# What are you guys charging for Bella/American Apparel blanks?



## terzdesign (Mar 8, 2010)

Hello All

I just want to get some feedback quick on pricing blanks before prints.

The way I have my shop set up is that I charge for the apparel, which is a set cost at any quantity. And then I charge for the print, which changes based on quantity ordered and colors printed. Pretty basic.

So, I do great with low end blanks like Gildan or Port and Co. but I want to get some feedback on what you think is a competitive price for higher end blanks like Bella and American Apparel.

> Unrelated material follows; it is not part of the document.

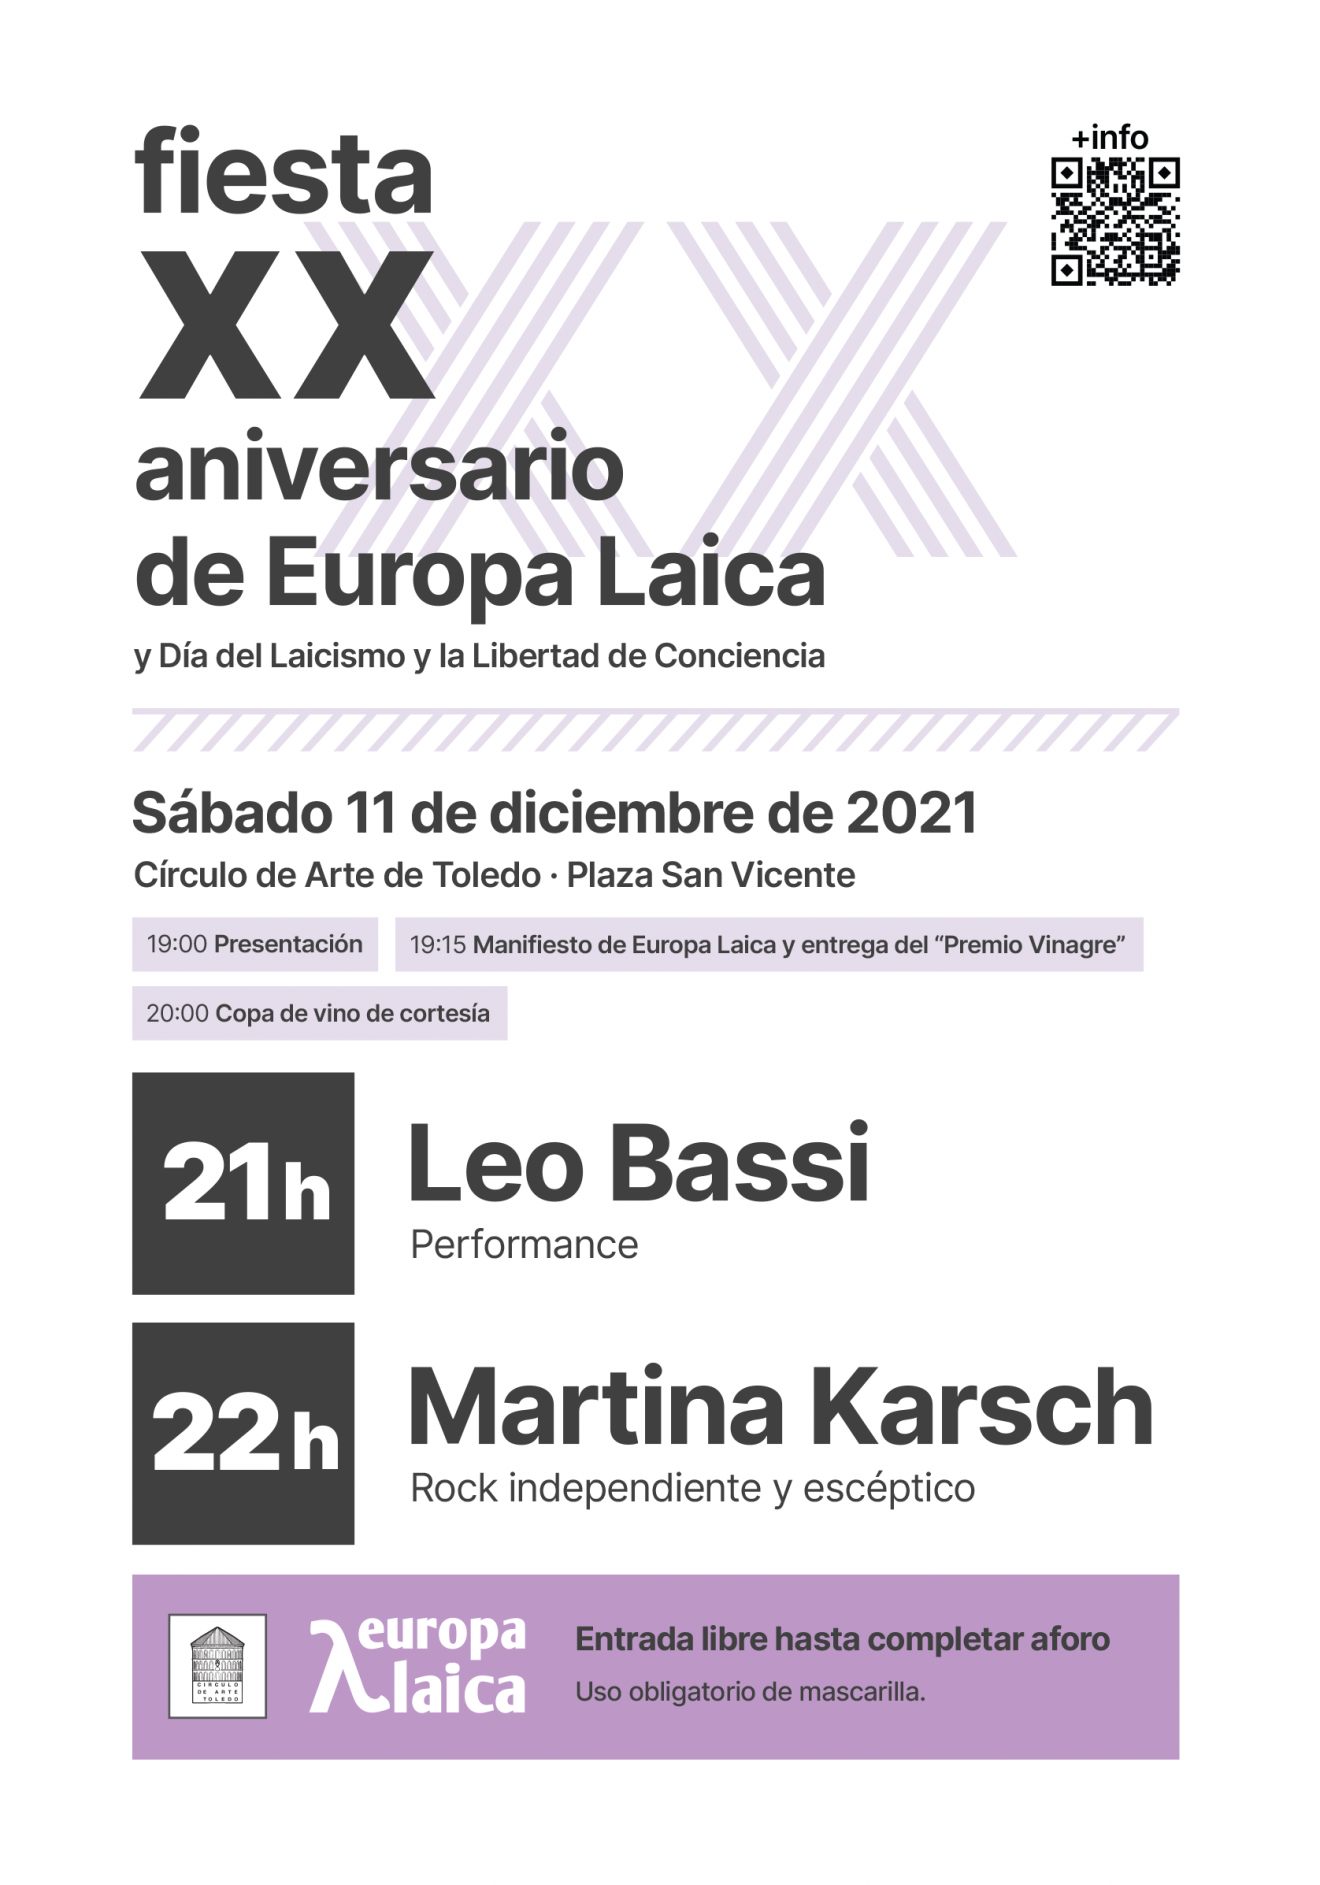 fiesta-XX-aniversario-Europa-Laica-11-dic-2021-circulo-de-arte-de-toledo-HQ-1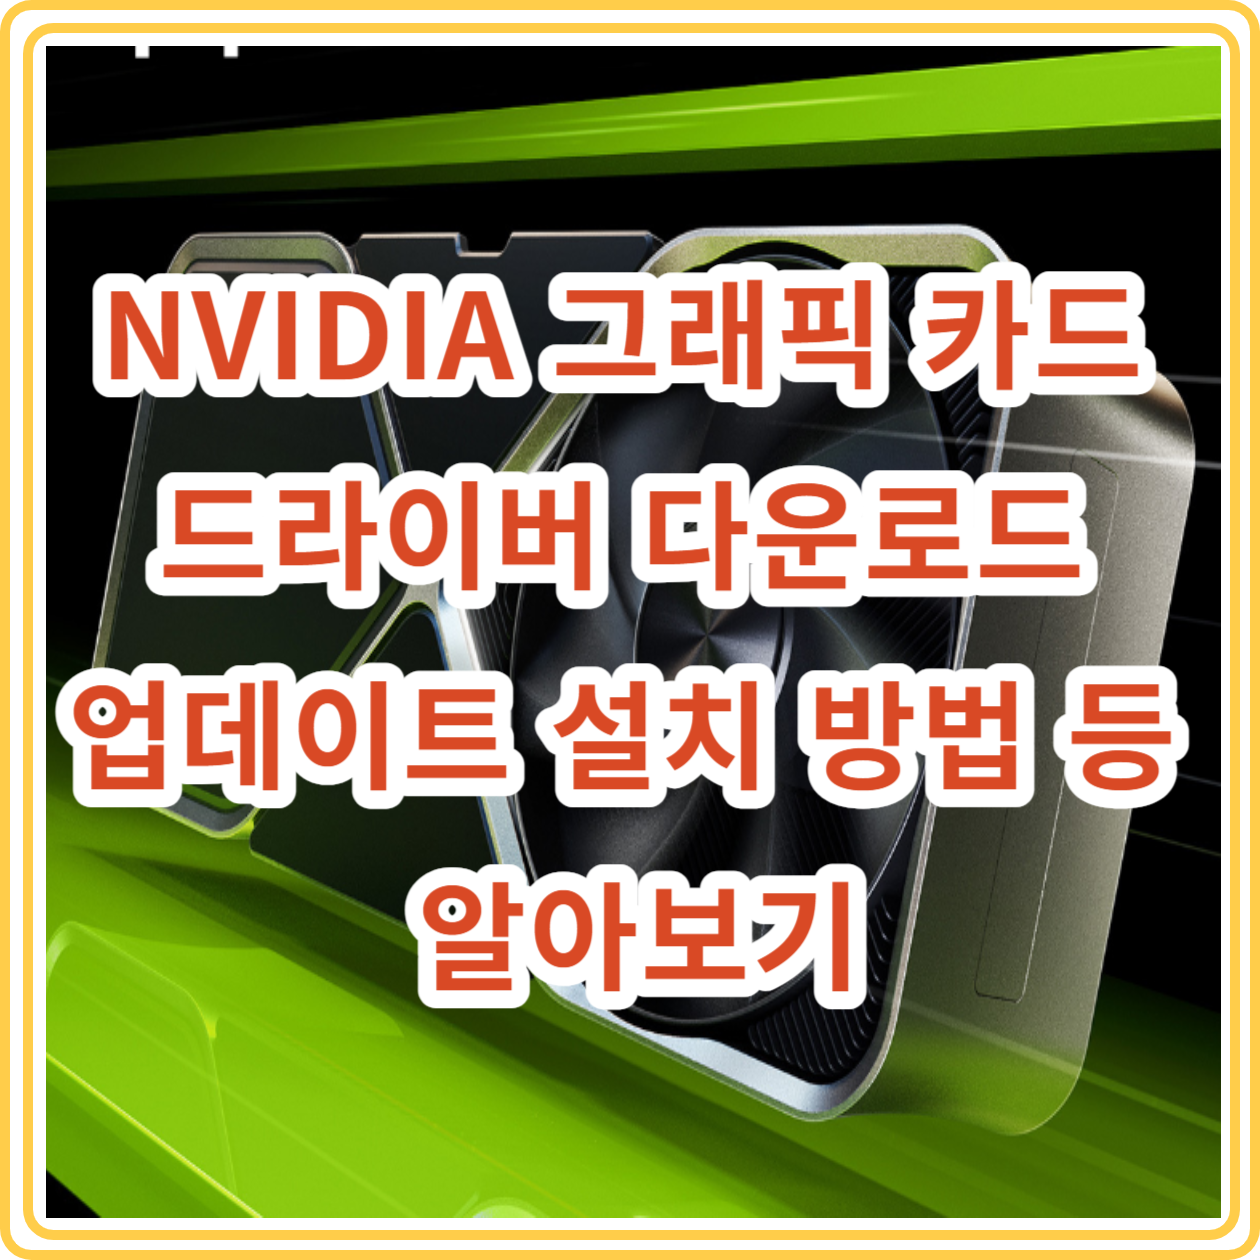 NVIDIA 그래픽 카드 드라이버 다운로드 업데이트 설치 방법 등 알아보기

I am thinking $8/piece for Bella and American Apparel for standard shirts like AM's 2001 and Bella's 6005. In the long run, do you think those prices will fly? What are the rest of you charging for these blanks?


----------



## sttbtch (Oct 5, 2010)

All garments we double cost except the low end gildan ts they are 6.00 dark or white

Sent from my DROID RAZR using T-Shirt Forums


----------



## iCreateGraphix (Sep 11, 2013)

We do our pricing a little different. We have set prices for our house brand (gildan) and then we mark up the price based on the garment chosen, print colors, etc. But, we sell 2 doz. Bella, with 1 color, 1 placement print for $7.50 (plus screen fee). American Apparel we sell at $9 each. But as I'm sure you know every shop will charge something a little different due to many factors: shop location, distributors used, overhead, etc. Hope that helped some. Let me know if you have more questions.


www.icreatescreenprinting.com

Sent from my iPhone using TShirtForums app


----------



## binki (Jul 16, 2006)

You are in the ballpark. We like to go a little higher with the premium brands


----------